* **DATA SEGMENT**:
★ ★ ★ ★ ★ ★ ★

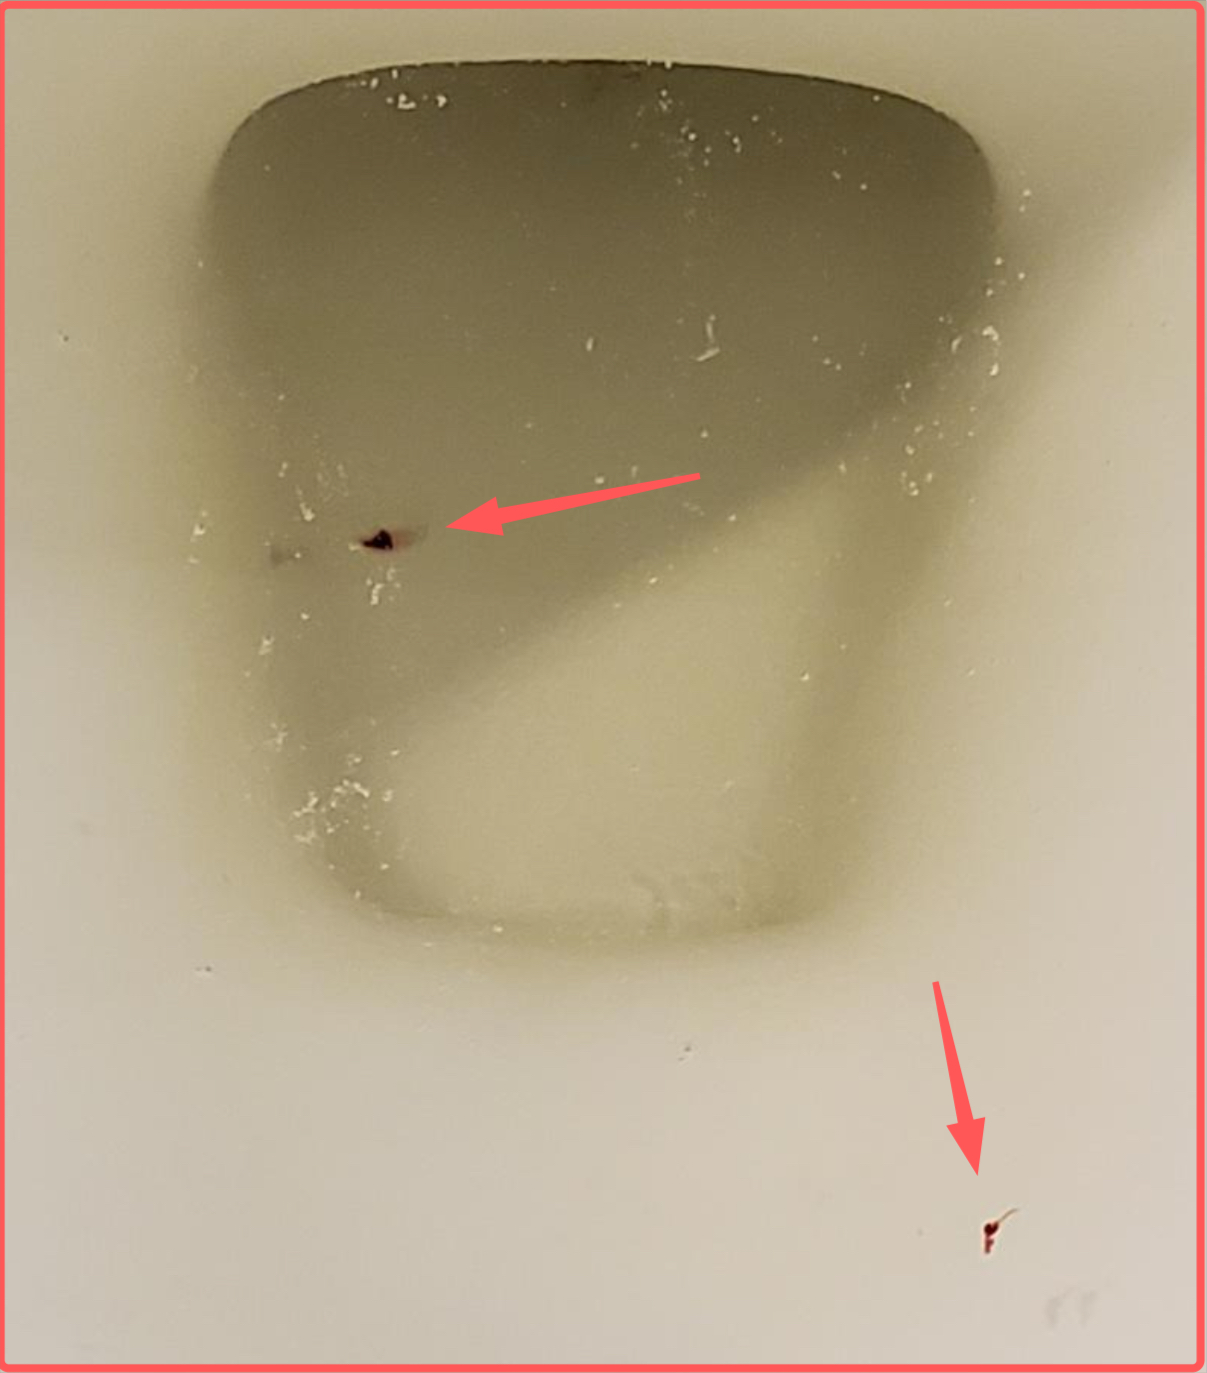 https://doctor-explains.com/wp-content/uploads/2022/11/small-tiny-blood-clot-in-urine.jpg
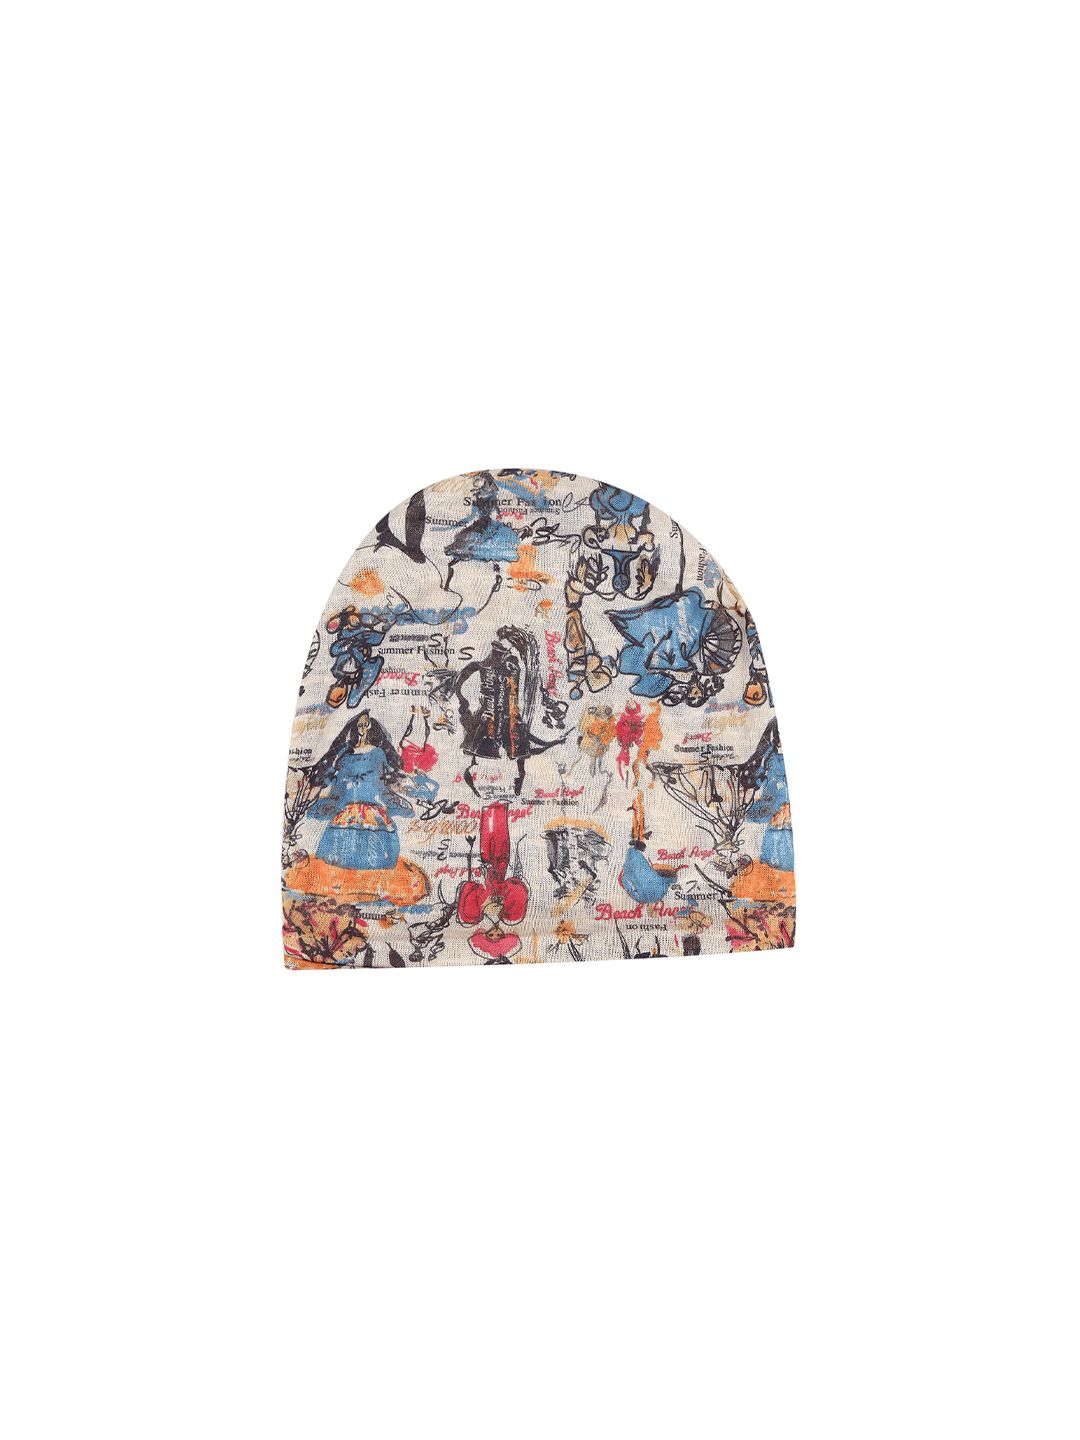 iSWEVEN Unisex White & Blue Printed Beanie Price in India
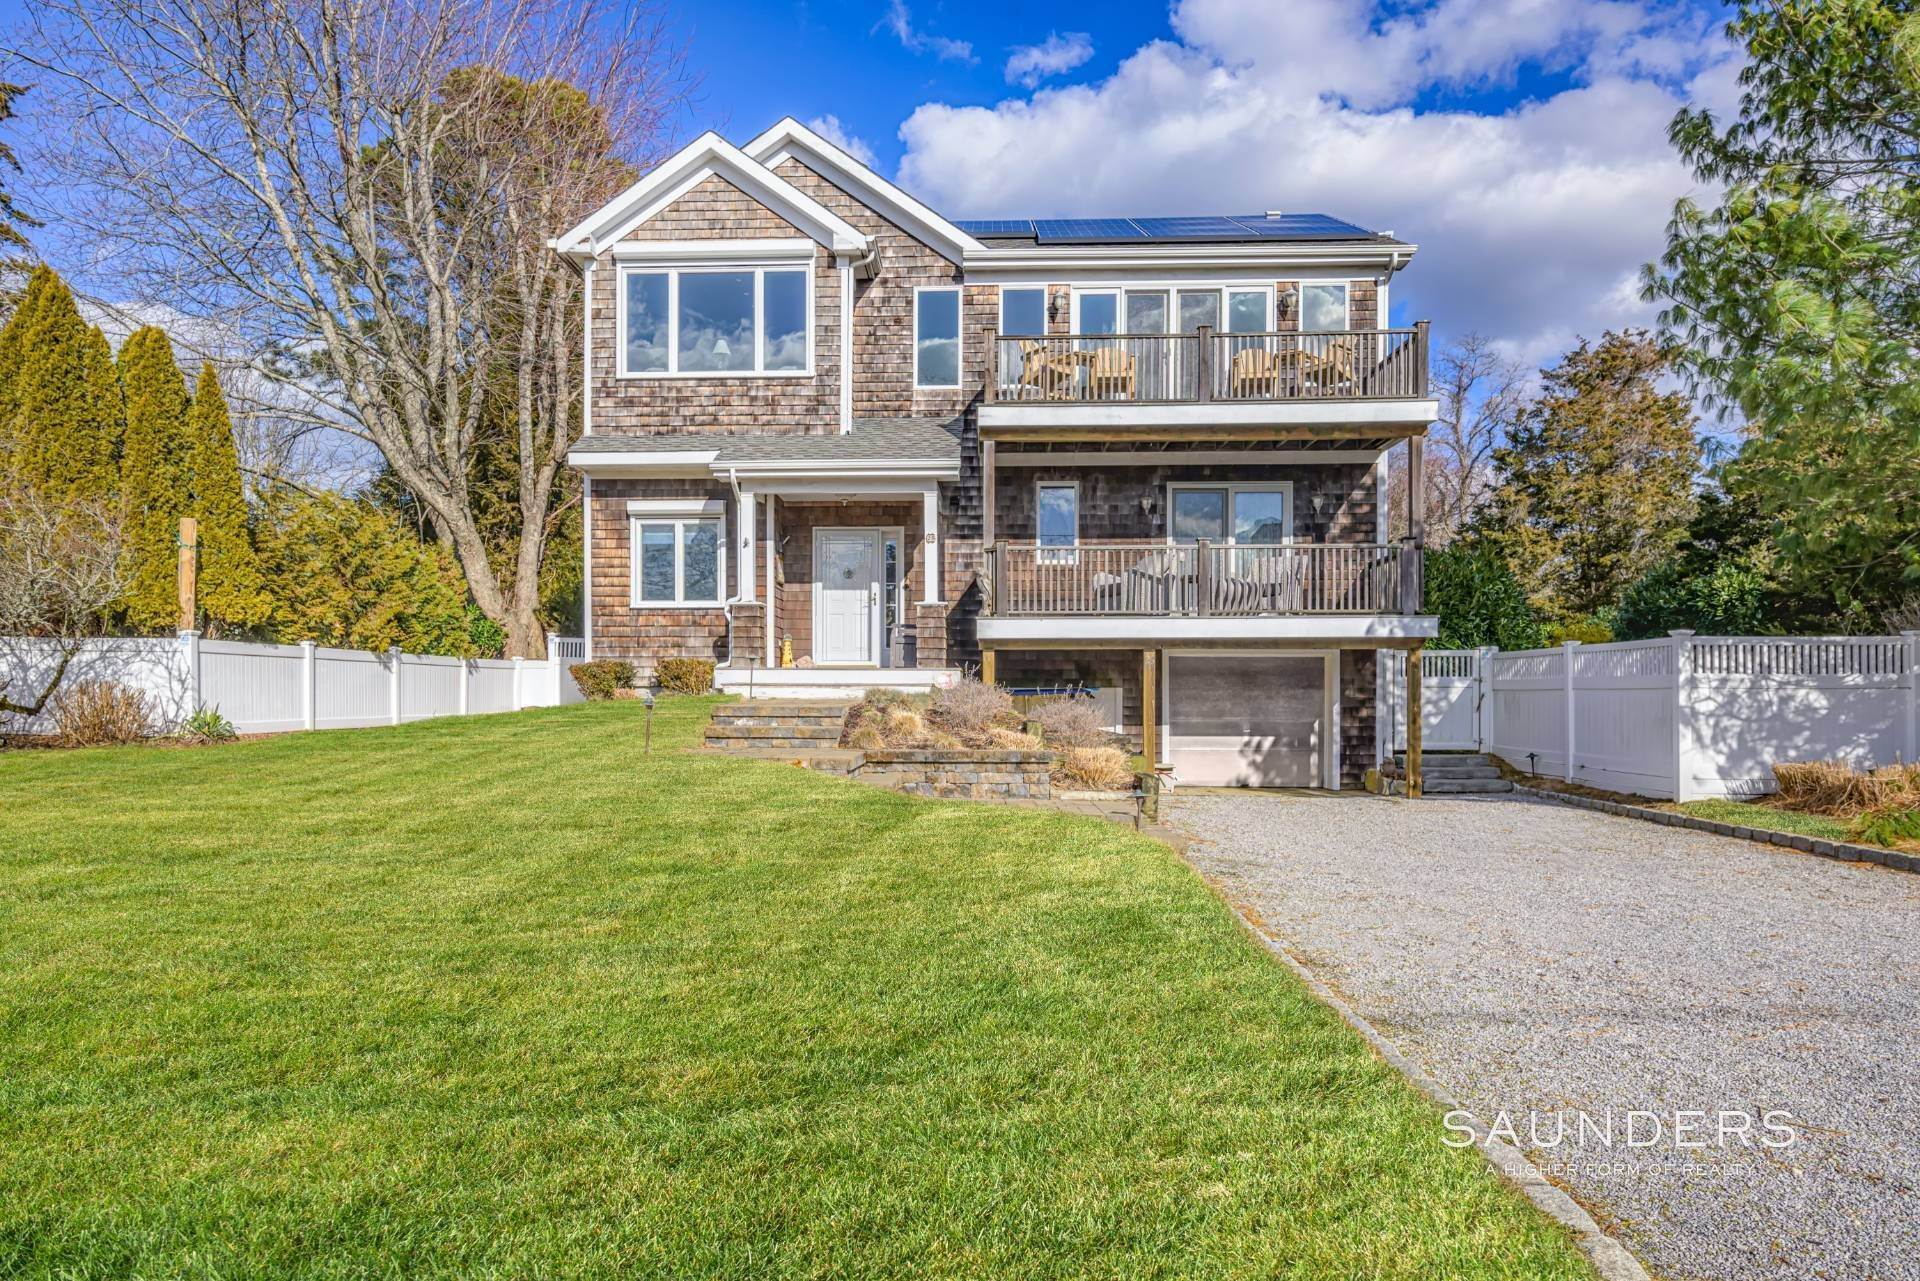 Single Family Homes for Sale at Hamptons Waterview 25 Oceanview Drive, Shinnecock Hills, Southampton, NY 11968

★ ★ ★ ★ ★ ★ ★

* **TASK OBJECTIVE**:
Only the pictures are dropped. Otherwise, write out the listing exactly.

* **SOLUTION FOR THIS EXERCISE**:
 https://doctor-explains.com/wp-content/uploads/2022/11/small-tiny-blood-clot-in-urine.jpg
 iSWEVEN Unisex White & Blue Printed Beanie Price in India
 Single Family Homes for Sale at Hamptons Waterview 25 Oceanview Drive, Shinnecock Hills, Southampton, NY 11968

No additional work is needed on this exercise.